YEAR: 2010 ~ CAST: Jeff Bridges, Garrett Hedlund, Olivia Wilde, Bruce Boxleitner, James Frain, Beau Garrett ~ WRITERS: Edward Kitiss & Adam Horowitz ~ DIRECTOR: Joseph Kosinski

Tron Legacy PosterThe Backstory: In 1982, videogame designer Kevin Flynn (Jeff Bridges) tried to break into the system of his ex-employers ENCOM, but instead was transported into the world inside the computer – a realm of adventure and danger, where he fought against the Master Control Program with the help of a program named Tron (Bruce Boxleitner).

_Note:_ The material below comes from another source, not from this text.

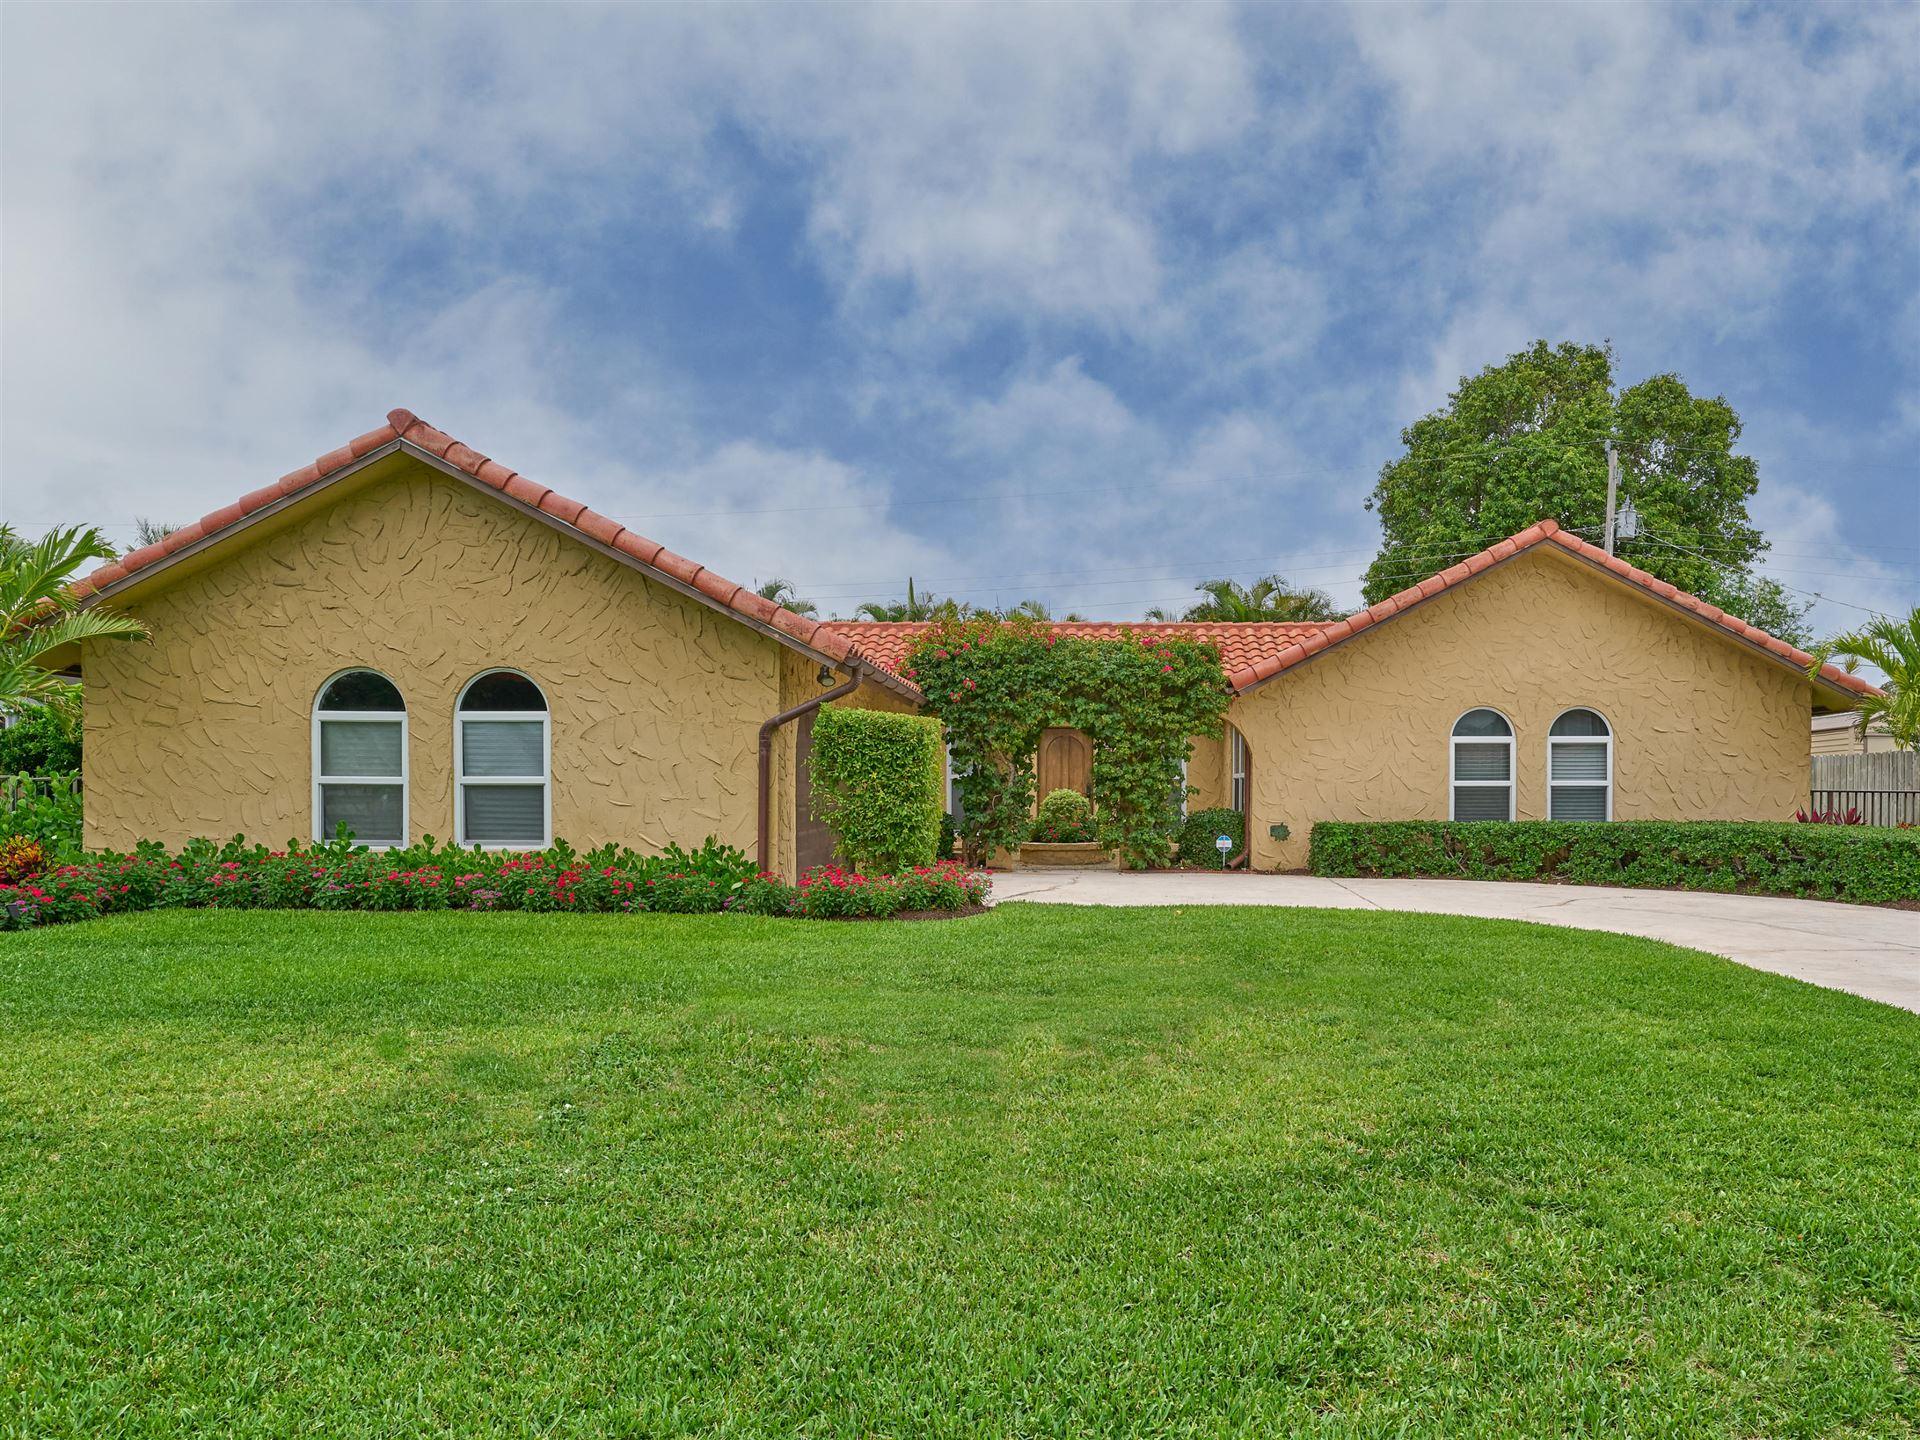 451 Denny Court, Boca Raton, FL 33486 - #: RX-10725448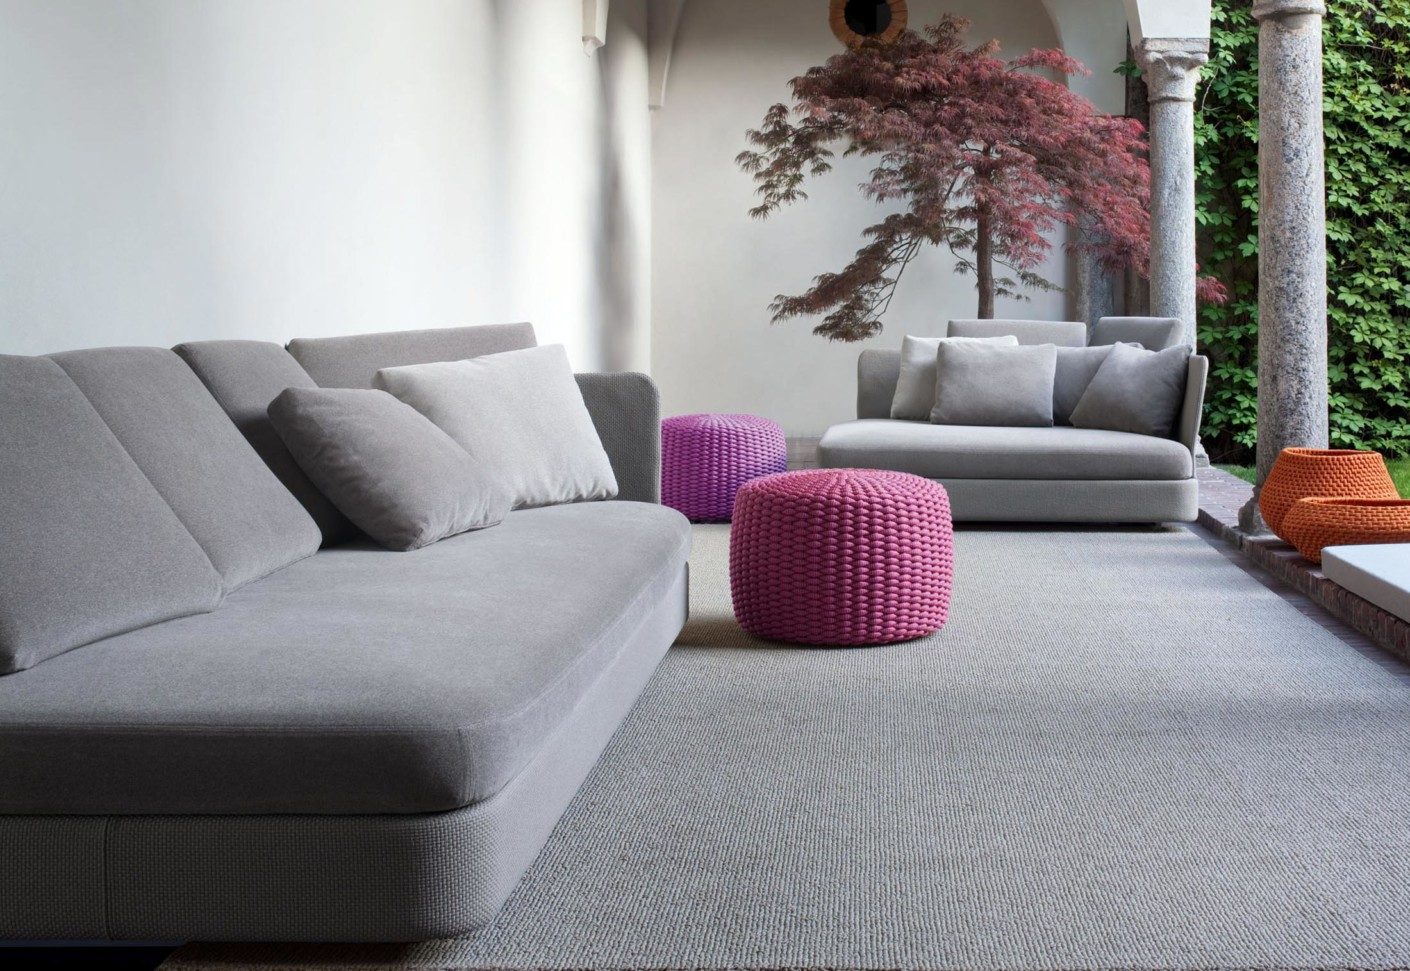 Cove Sofa By Paola Lenti Stylepark

What’s it About?: Twenty years after Kevin Flynn vanished, his rebellious 27-year old son Sam Flynn (Garrett Hedlund) follows a possible clue to his disappearence, and ends up inside another world. Flynn has created a self-contained digital universe – the Grid – but he’s been trapped inside it for twenty years by his alter ego, the program CLU, and now there’s very little time before the only escape route closes forever…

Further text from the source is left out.